Sielun Veljet chronology
| Suomi-Finland (1988) | Softwood Music Under Slow Pillars (1989) |  |

= Softwood Music Under Slow Pillars =

Softwood Music Under Slow Pillars (or simply Softwood Music) is the seventh album of Sielun Veljet, released in 1989. It is the band's only English language album released as Sielun Veljet, although it was released in Sweden as L'amourder. The band had already released two English language recordings, the Ritual EP in 1986 and Shit-Hot in 1987, consisting of re-recorded versions of their songs with the lyrics translated to English, but this was the first time that the music was originally written in English.
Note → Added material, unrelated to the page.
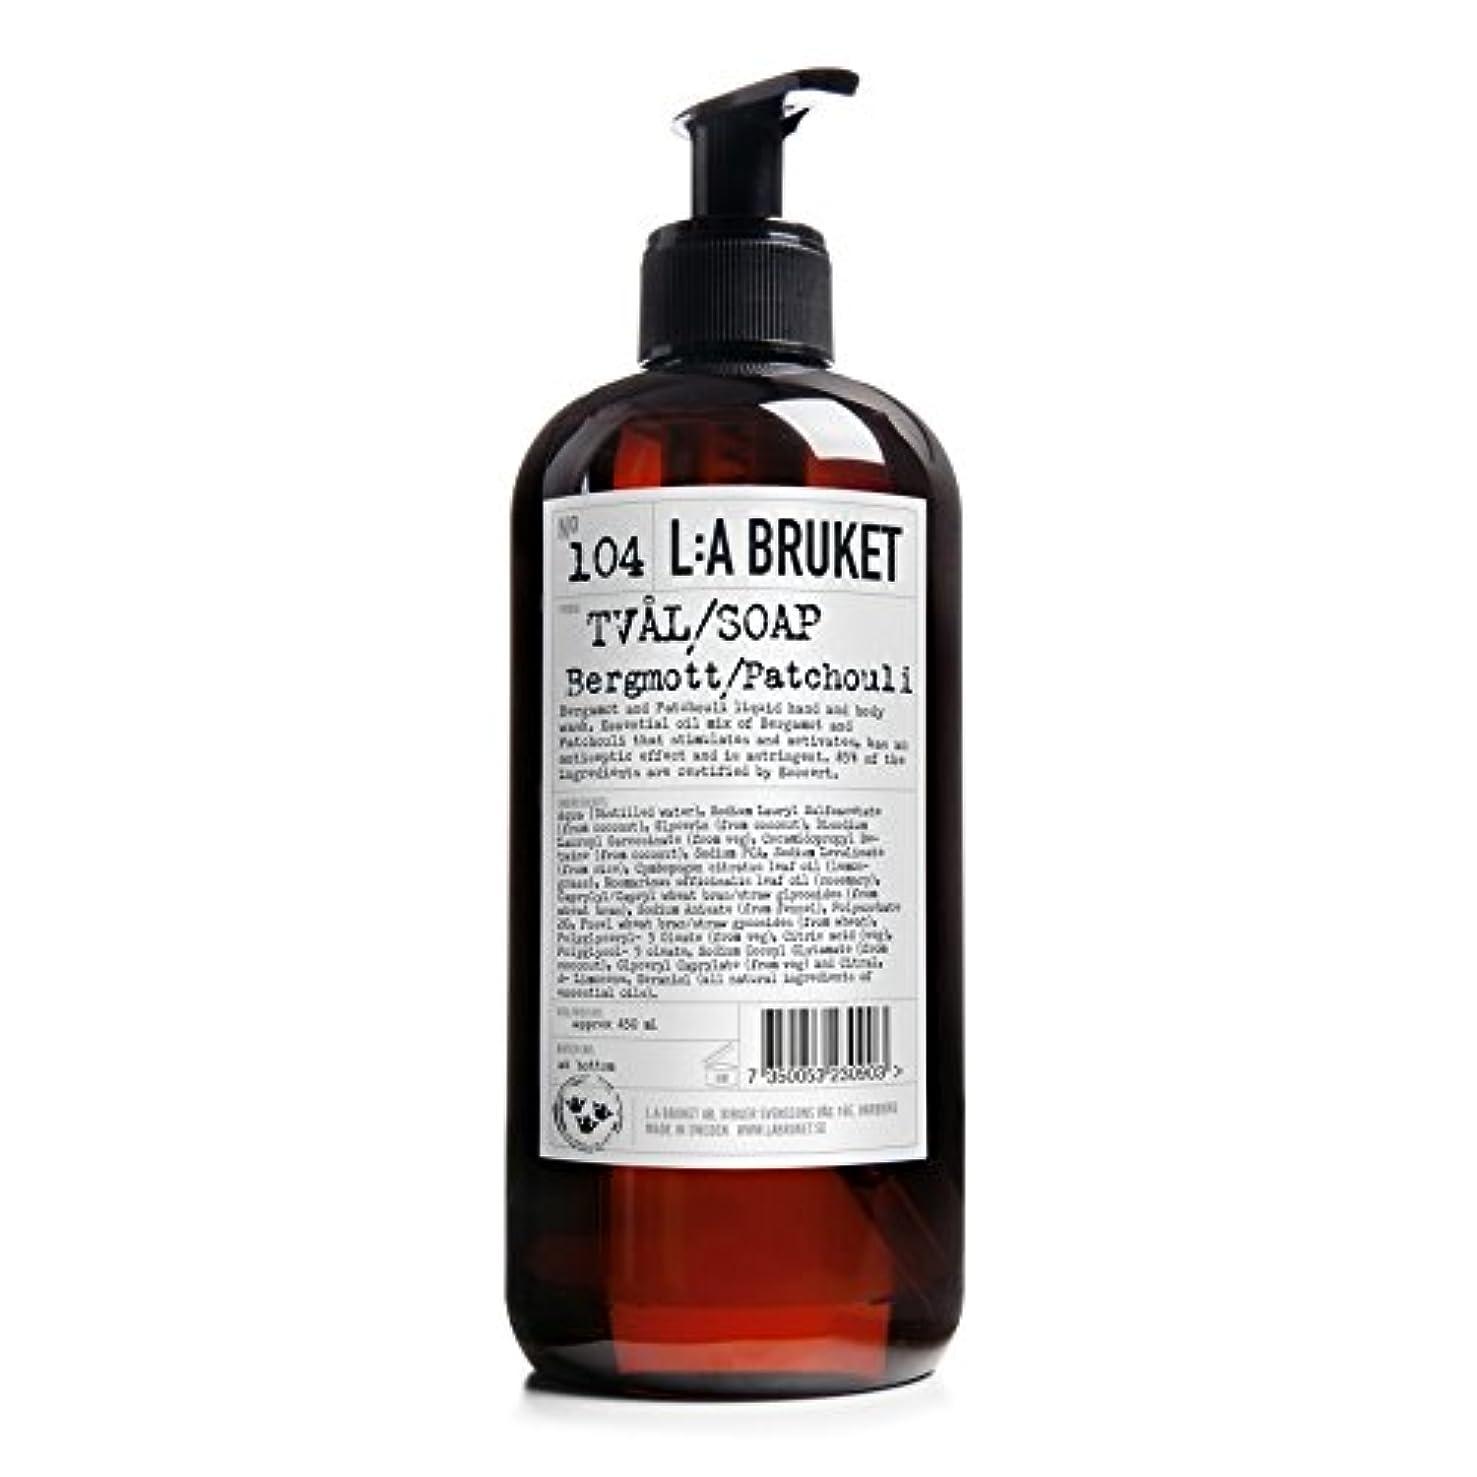 カナダバッフル排出L:A Bruket Bruket Bergamot and Patchouli Liquid Soap 450ml - :のベルガモット及びパチョリ液体石鹸450ミリリットル [並行輸入品]

Sielun Veljet had already been exploring foreign markets and even toured in Europe and the Soviet Union in 1987, but Softwood Music was only released in Finland and Sweden, and even there it sold poorly. It differs from previous Sielun Veljet albums by being acoustic and containing influences from Indian music to flamenco. The album has a generally psychedelic atmosphere.

The album's cover art was painted by Peruvian artist Pablo Amaringo. It depicts a shamanistic ayahuasca healing ritual.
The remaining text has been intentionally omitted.